I think you're missing that `*count' is an output parameter.  Something must
be written to the extra space, and that something is extra pages beyond what
`Maxmem' says is the end of memory.

> Second attachment is a disklabel of the disk containing the dumpdev.

> The critical size for da1s2b is 524298 blocks; at that size the dump
> works, but at 524297 blocks it trashes the label.

> # /dev/da1s2c:
> type: SCSI
> disk: da1s2
> ...
> 8 partitions:
> #        size   offset    fstype   [fsize bsize bps/cpg]
>   b:   526336        0      swap                    	# (Cyl.    0 - 256)
>   c: 35317760        0    unused        0     0       	# (Cyl.    0 - 17244)
>   e: 34791424   526336    4.2BSD     1024  8192    16 	# (Cyl.  257 - 17244)

I think you are just trashing the label becauses it is inside da1s2b, not
overrunning da1s2b.  This is certainly a bug.  The label is write protected
in software, but the dump routines don't even know that the label is there.
This bug is not seen in most configurations because the dump partition
usually starts at a nonzero offset.

Untested incomplete fixes (the boot block area should also be protected...):

Index: kern_shutdown.c
===================================================================
RCS file: /home/ncvs/src/sys/kern/kern_shutdown.c,v
retrieving revision 1.101
diff -u -2 -r1.101 kern_shutdown.c
--- kern_shutdown.c	2001/04/29 02:44:48	1.101
+++ kern_shutdown.c	2001/06/25 06:00:08
@@ -431,5 +431,5 @@
 	 */
 	newdumplo = psize - Maxmem * PAGE_SIZE / DEV_BSIZE;
-	if (newdumplo < 0)
+	if (newdumplo <= LABELSECTOR)
 		return (ENOSPC);
 	dumpdev = dev;
Index: subr_disk.c
===================================================================
RCS file: /home/ncvs/src/sys/kern/subr_disk.c,v
retrieving revision 1.41
diff -u -2 -r1.41 subr_disk.c
--- subr_disk.c	2001/05/29 18:19:57	1.41
+++ subr_disk.c	2001/06/25 06:00:24
@@ -156,5 +156,5 @@
 		return (ENXIO);
 	*count = (u_long)Maxmem * PAGE_SIZE / dl->d_secsize;
-	if (dumplo < 0 || 
+	if (dumplo <= LABELSECTOR || 
 	    (dumplo + *count > dl->d_partitions[dkpart(dev)].p_size))
 		return (EINVAL);

Bruce
Comment 5 pdh 2001-06-25 07:15:46 UTC
Bruce Evans wrote:
> I think you are just trashing the label becauses it is inside da1s2b, not
> overrunning da1s2b.

That was a conclusion I was starting to draw, too.

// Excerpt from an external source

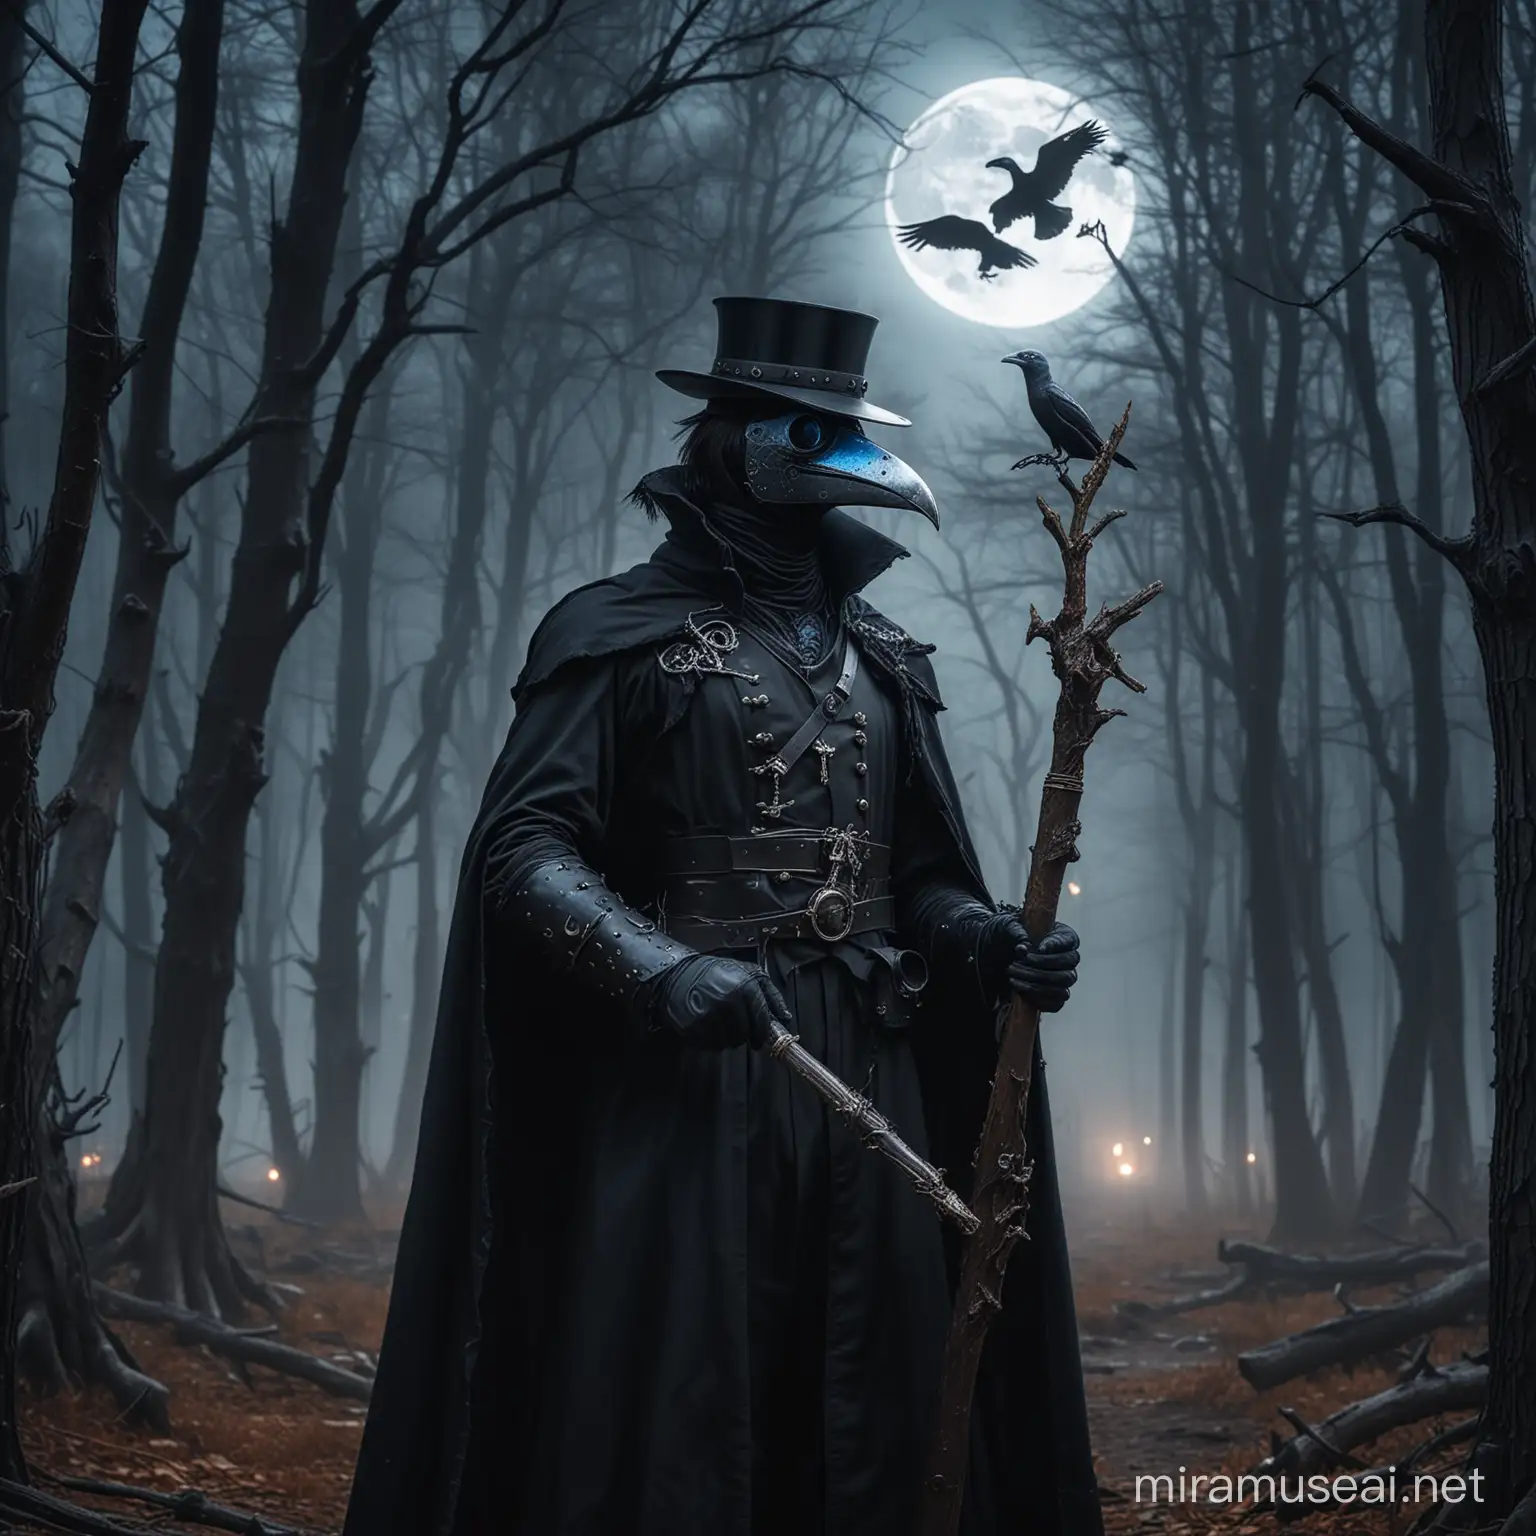 Steampunk Plague Doctor with Hermes Staff in Dark Forest Moonlight

> This is certainly a bug.  The label is write protected
> in software, but the dump routines don't even know that the label is there.

Should it be there?

> This bug is not seen in most configurations because the dump partition
> usually starts at a nonzero offset.

Yep.

Is this configuration acceptable ('b' is a swap partition) or should
it start at non-zero offset? Alas, I can't remember if it was
/stand/sysinstall or /dev/luser who put it there like that.

> Untested incomplete fixes (the boot block area should also be protected...):

Will test 'em tomorrow and let you know. Thanks.
Comment 6 Bruce Evans 2001-06-25 14:31:11 UTC
On Mon, 25 Jun 2001, Phil Homewood wrote:

> Bruce Evans wrote:
> > I think you are just trashing the label becauses it is inside da1s2b, not
> > overrunning da1s2b.
> 
> That was a conclusion I was starting to draw, too.

BTW, I jumped to the conclusion that it was overrunning the partition for
you because of another report that claimed overrunning.

> > This is certainly a bug.  The label is write protected
> > in software, but the dump routines don't even know that the label is there.
> 
> Should it be there?

Yes, they should know, since they bypass the normal block number conversion
and bounds checking and need to understand the label (contents, not where
it is) to do so.

> > This bug is not seen in most configurations because the dump partition
> > usually starts at a nonzero offset.
> 
> Is this configuration acceptable ('b' is a swap partition) or should
> it start at non-zero offset? Alas, I can't remember if it was
> /stand/sysinstall or /dev/luser who put it there like that.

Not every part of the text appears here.